Jun Qian, Director and Vice President
In this quarter, the loans introduced to commercial banks amounted to approximately RMB400 million, which has not yet been priced. However, we anticipate that these loans will increasingly contribute to our portfolio. Our target for 2023 is for loans introduced to commercial banks to represent between 20% and 35% of the total loans originated, which includes the loans under the trust lending model, estimated at RMB500 million to RMB600 million monthly.
William Gregozeski, Analyst
Can you provide an update on the demand from SME borrowers in terms of the volume of requests and whether they have good collateral?
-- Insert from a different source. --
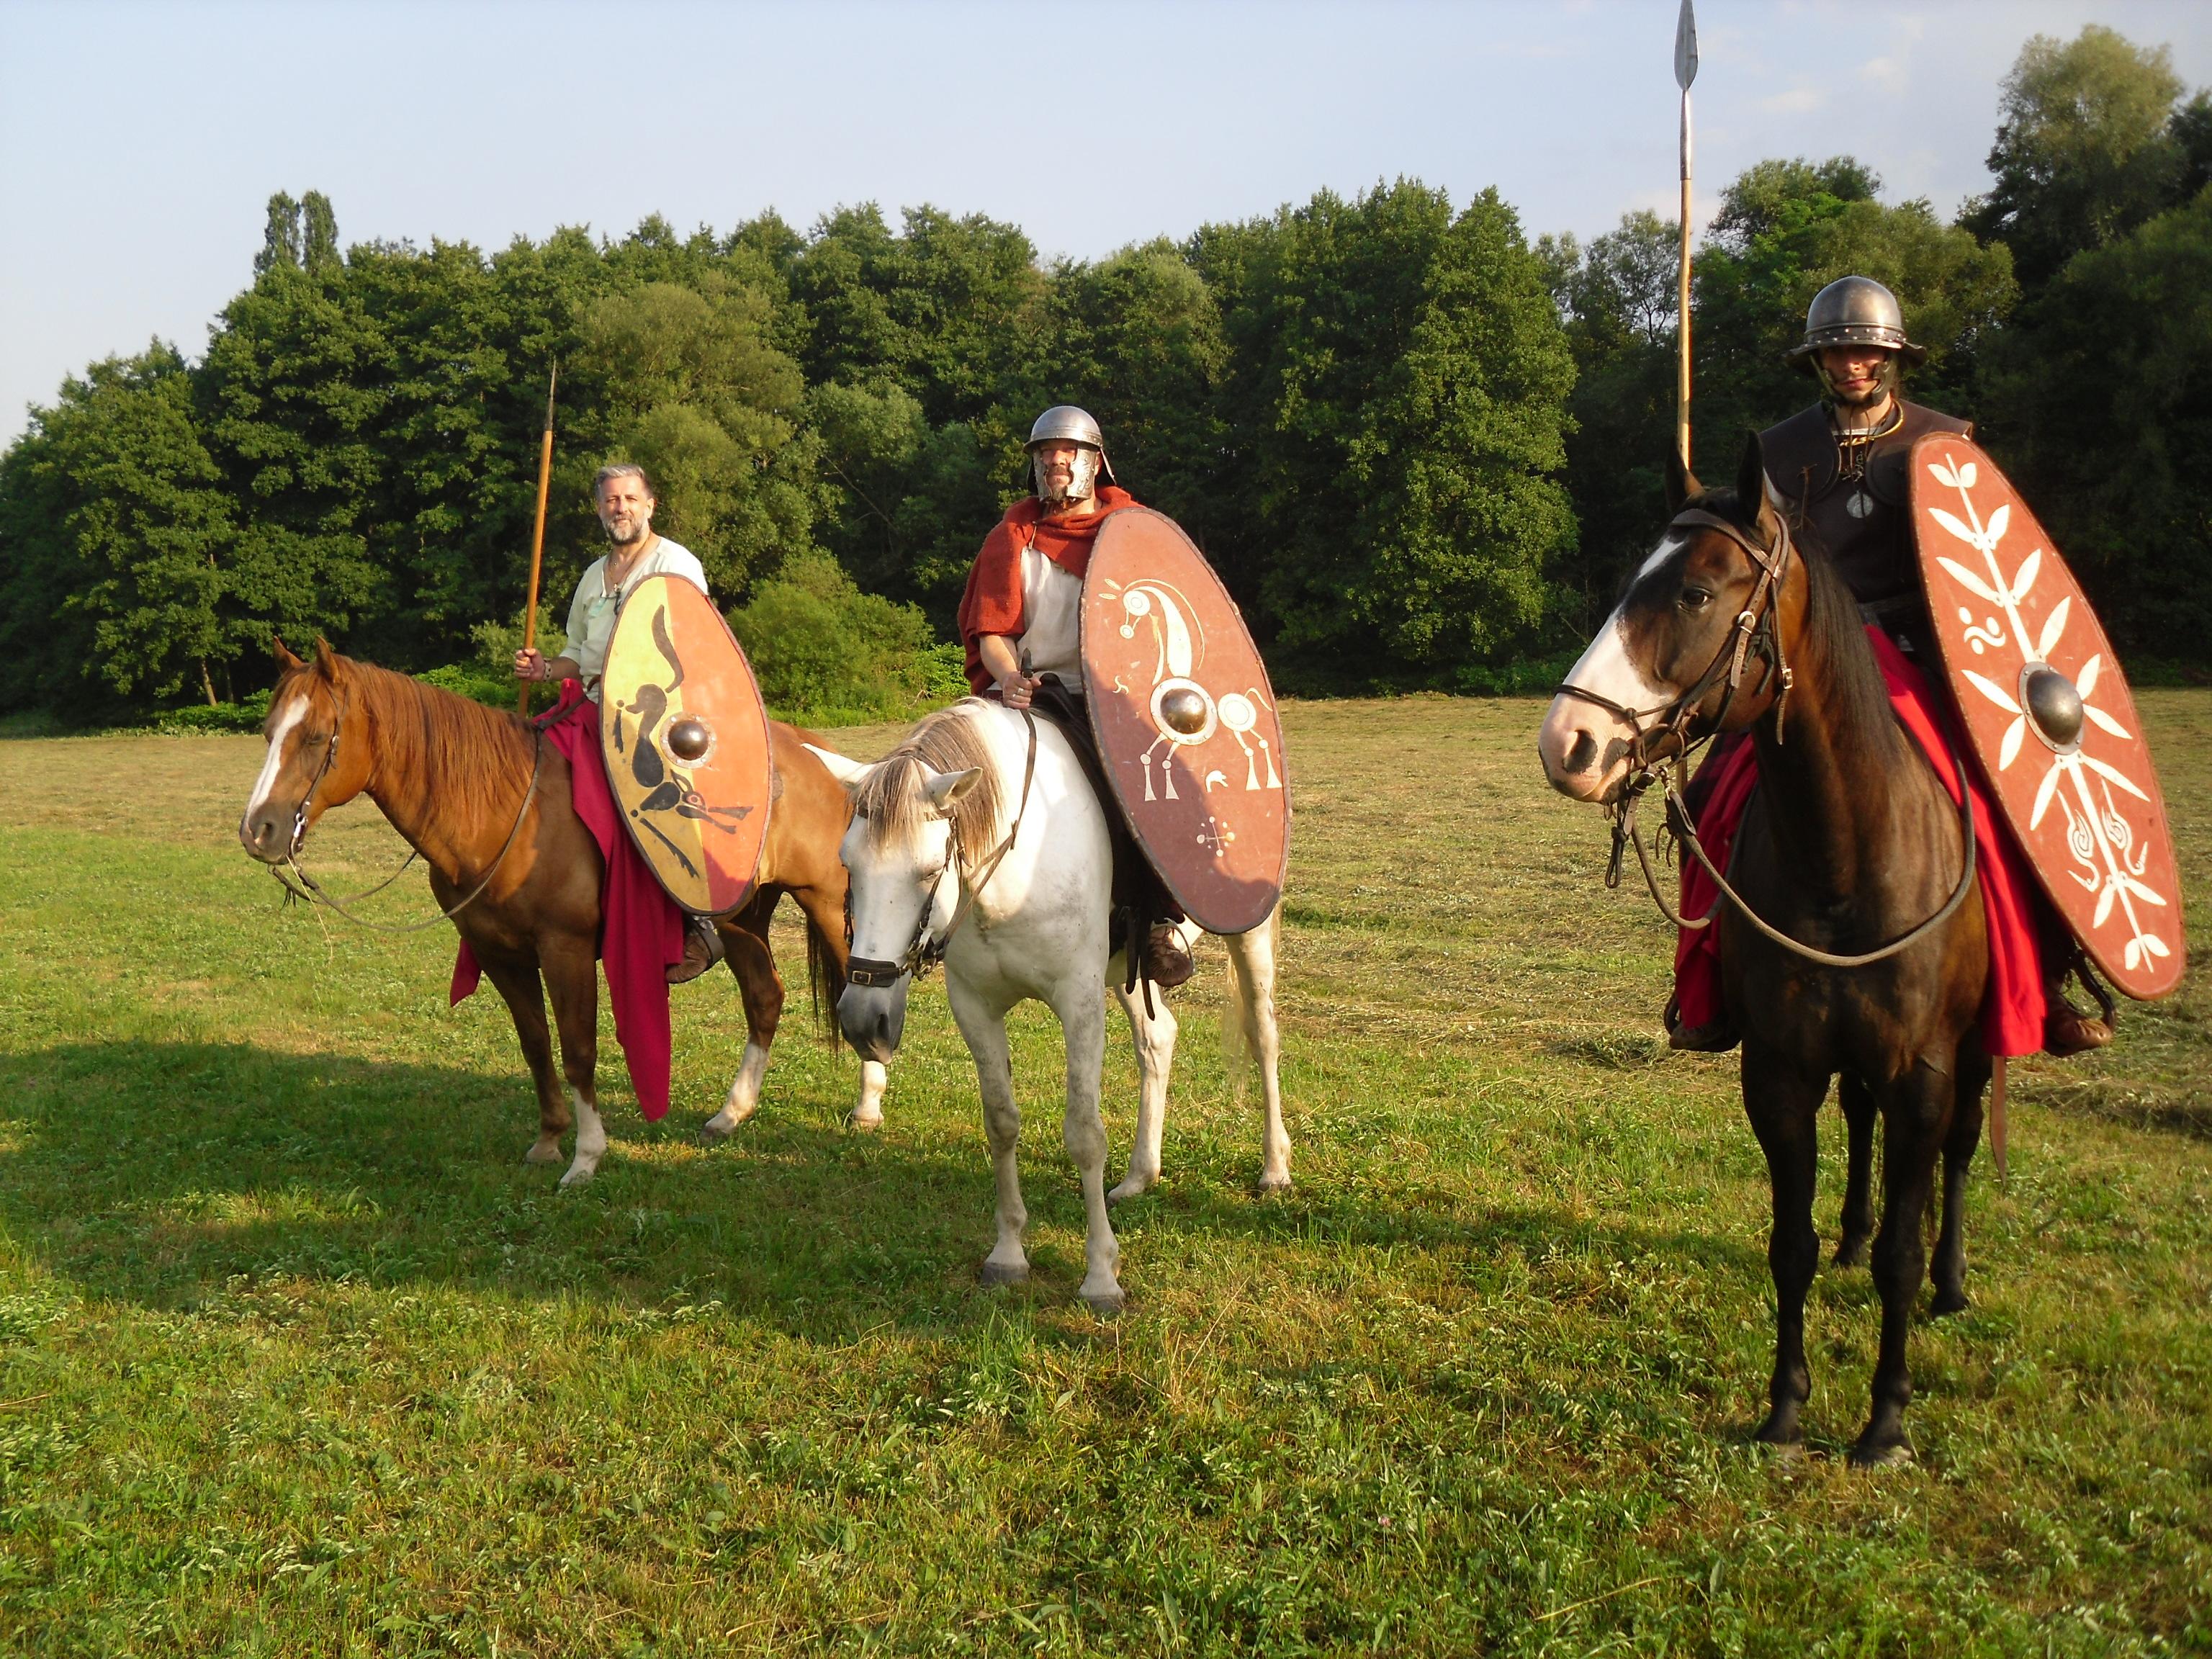 Le commandement de la cavalerie Mediomatrici

Jun Qian, Director and Vice President
Due to uncertainties related to pandemic prevention and control as well as economic pressure, we are experiencing decreased demand compared to the same period last year. However, the situation is improving when compared to the first half of the year. According to a report released by PBC at the end of October, new RMB loans reached approximately RMB615 billion, which is RMB211 billion less than the same period in 2021. So this indicates the current trend.
Jing Li, Acting CFO
Regarding the collateral, both the delinquency ratio and the NPL ratio have decreased by the end of the third quarter. This indicates that the quality of collateral remains under our control.
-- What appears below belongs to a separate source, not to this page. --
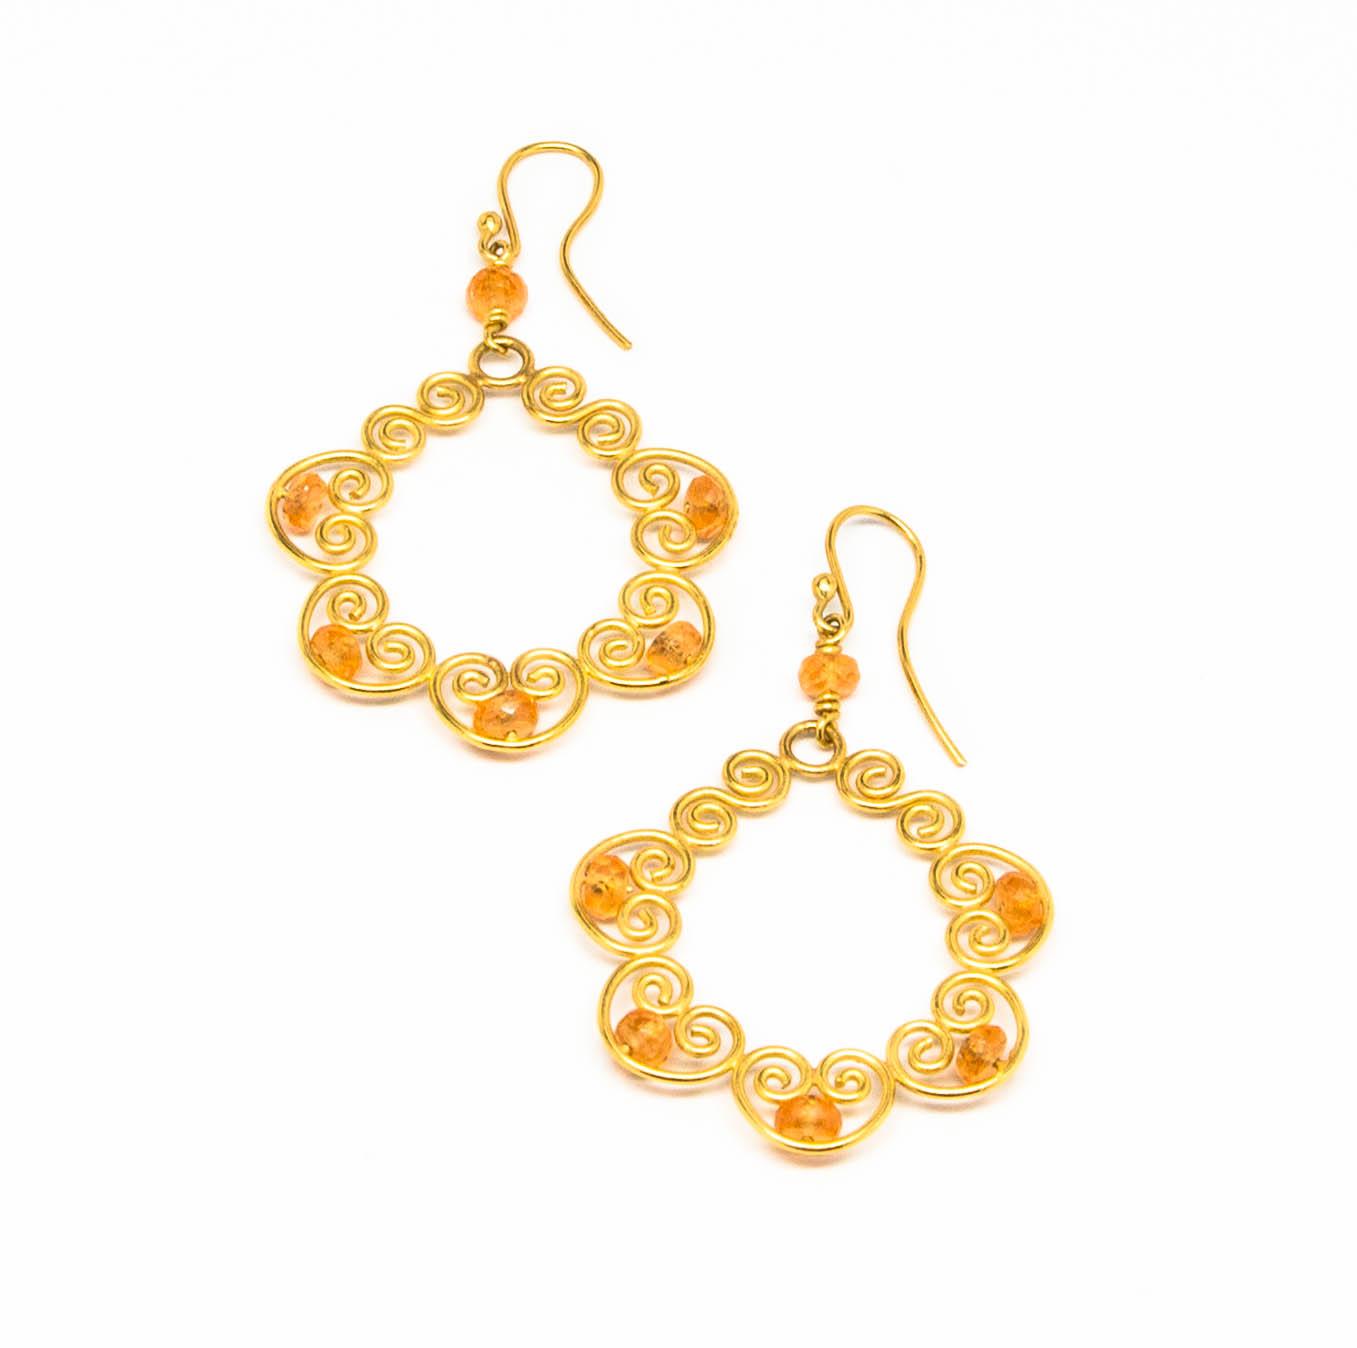 dec21 jewelry5-562.jpg

William Gregozeski, Analyst
Okay. Perfect. And last question is, you guys mentioned looking to do some acquisitions. Is there anything in that fintech space specifically you're looking for or just anything that might be complementary to what you guys offer?
Jun Qian, Director and Vice President
There is not a particular target at this moment. It's just something we want to achieve in the capital markets.
William Gregozeski, Analyst
Okay. All right. Thank you.
Operator, Operator
With no further questions, we will conclude our question-and-answer session. I'd like to turn the conference back over to Matt Lou for closing remarks.
Matthew Lou, IR Specialist
Thank you. And thank you, again, just for joining us tonight or this morning. If you have any further questions, you can always view our official website or send us an email. Thank you again.
Operator, Operator
The conference has now concluded. Thank you very much for attending today's presentation. You may now disconnect your lines.